Aging and oncological treatments alter the function of the ovary. However, even when the ovaries lose their ability to ovulate, residual quiescent follicles remain that can be rescued to grow via different approaches. In fact, the recovery of ovarian function has been described in patients with ovarian failure due to chemotherapy after bone marrow transplantation, suggesting a positive effect of bone marrow stem cells in the ovarian niche.
With this in mind, we set out to evaluate, for the first time, whether the infusion of human stem cells from the bone marrow were capable of rescuing residual dormant follicles to produce competent oocytes. For this purpose, we evaluated the effects of these cells in both murine and human ovarian tissue.
Firstly, we established murine models of low response (LR) and premature ovarian failure (POF) by administering a reduced dose and another standard of chemotherapy, respectively. In these models of ovarian damage, we evaluated the effect of the administration of human stem cells of the bone marrow. After their infusion through the vein of the tail, these cells were able to migrate and infiltrate the damaged ovarian tissue, mainly located near blood vessels and follicles.
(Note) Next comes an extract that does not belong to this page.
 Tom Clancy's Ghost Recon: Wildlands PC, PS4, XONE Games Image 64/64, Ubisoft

These cells were able to rescue fertility, allowing spontaneous pregnancies not only in the LR model but also in the model of severe ovarian damage (or POF model), which represents the worst possible scenario.
Specifically, in both models the treatment with human bone marrow stem cells produced an increase in the number of pre-ovulatory follicles, oocytes, embryos and healthy offspring. In addition, the infusion of these cells improved ovarian vascularization and cell proliferation, reducing apoptosis. These positive effects were not observed when normal peripheral blood mononuclear cells (lymphocytes and monocytes) were administered, demonstrating that the positive effects observed were due to the stem cells and not to the lymphocytes / monocytes present.
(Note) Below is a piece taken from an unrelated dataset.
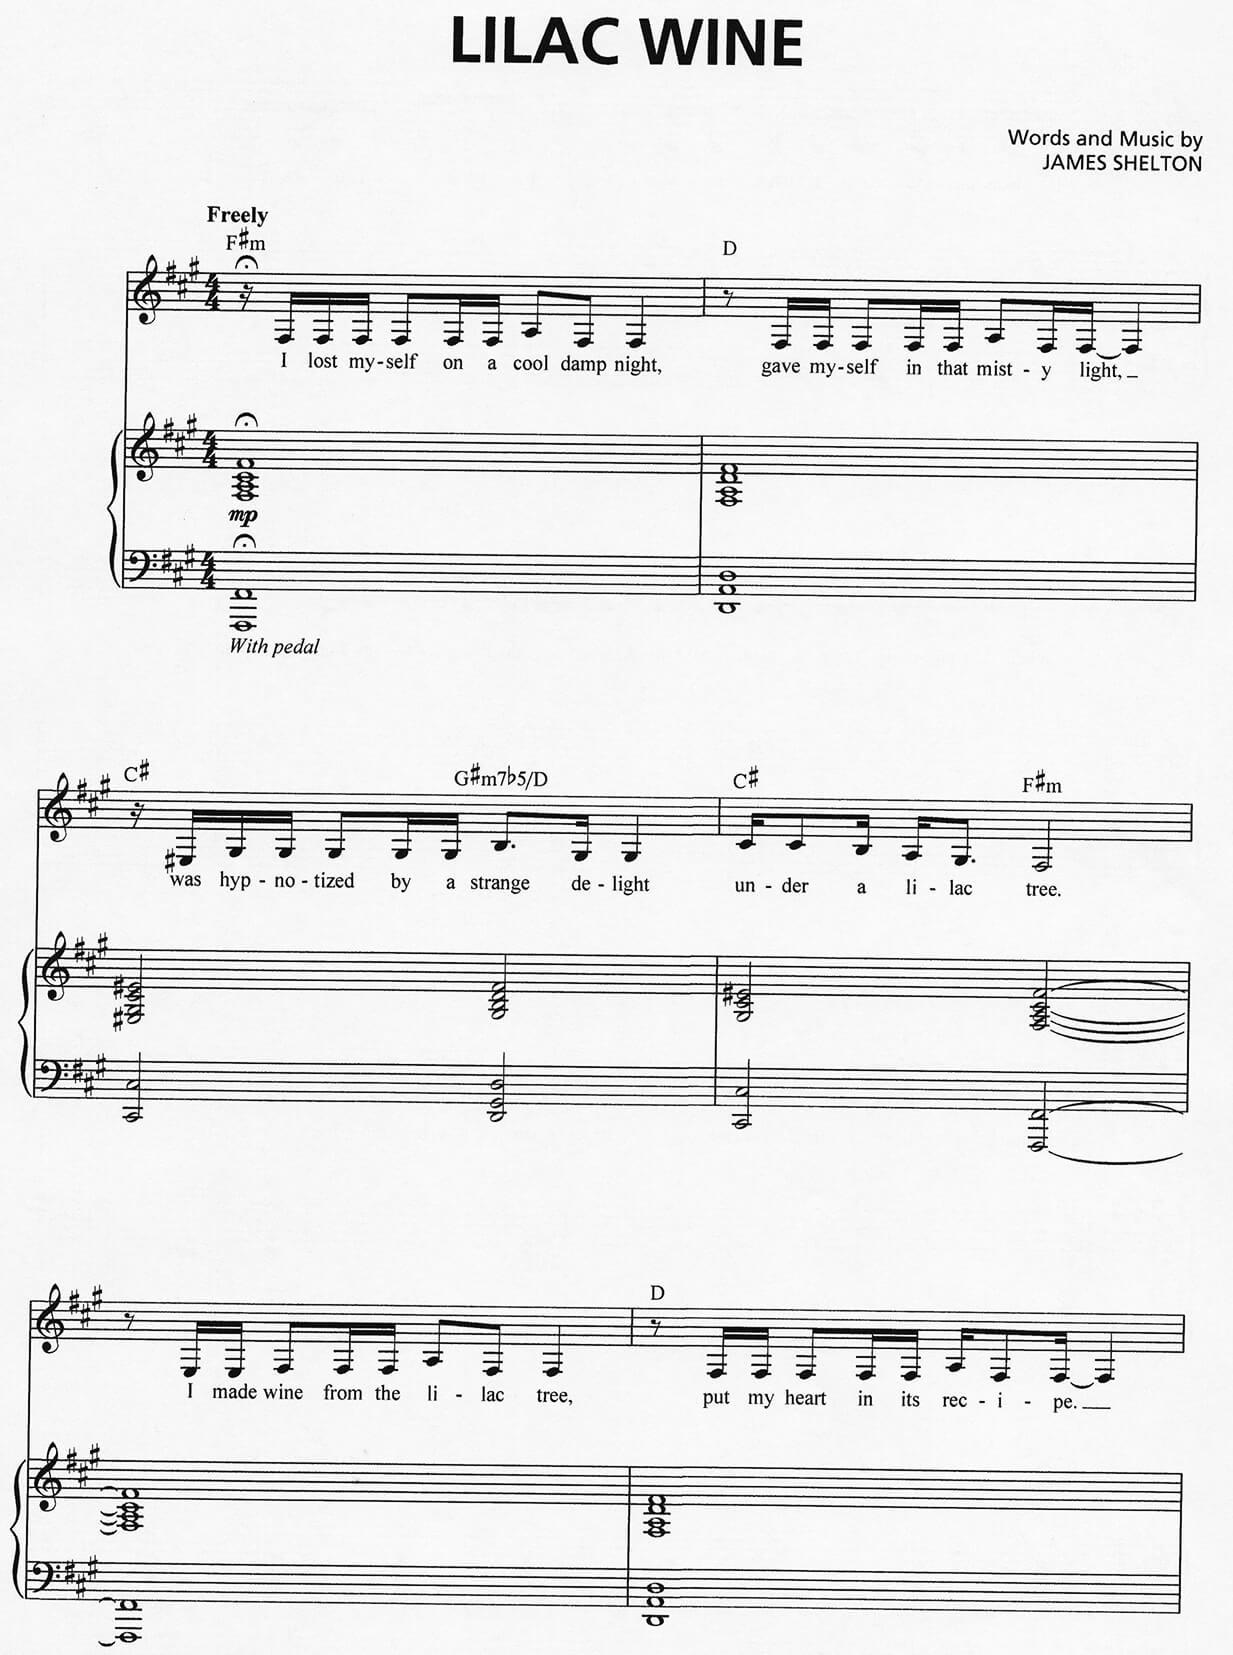 lilacwinesheetmusic1.jpg

Considering the structural and functional differences between murine and human ovarian tissue, we then set out to validate the results obtained in human ovarian tissue. For this purpose, xenotransplantation of human ovarian cortex fragments of LR patients in ovariectomized immunosuppressed mice. A week later, when the implants were already vascularized, we infused them through the vein of the tail with human stem cells from the bone marrow. As in murine ovarian tissue, we observed that human bone marrow stem cells were able to migrate and settle in ovarian implants, being located near blood vessels and follicles, even in contact with granulosa cells. Once in the ovarian tissue, they promoted follicular growth to a secondary stage, increasing the secretion of estradiol and improving local vascularization and proliferation of the ovarian stroma.
On the other hand, in addition to testing the effects of the heterogeneous set of human stem cells of the bone marrow, we wanted to study if their CD133 + fraction was mainly responsible for the regenerative effects observed. We decided to test this cell population due to previous studies that propose regenerative effects of this population in other organs and tissues. We observed that the administration of this cell subpopulation also promoted follicular growth at a secondary stage, improved the vascularization of human ovarian implants and increased the secretion of estradiol.
However, all these effects were less than when the whole set of human stem cells from the bone marrow were administered. These result shows that, although the fraction of CD133 + cells have regenerative properties in the damaged or aged ovarian tissue, other cells or components of the heterogeneous group that make up the stem cells of the bone marrow would contribute to the improvement and regeneration of the ovarian niche.
In conclusion, the results obtained in all these pre-clinical studies suggest that therapies based on stem cells from bone marrow could be an appropriate alternative to increase the reproductive potential of patients of advanced reproductive age, of women treated with chemotherapy, and of LR women in whom the ovarian niche cannot maintain the growth of their already limited follicular pool.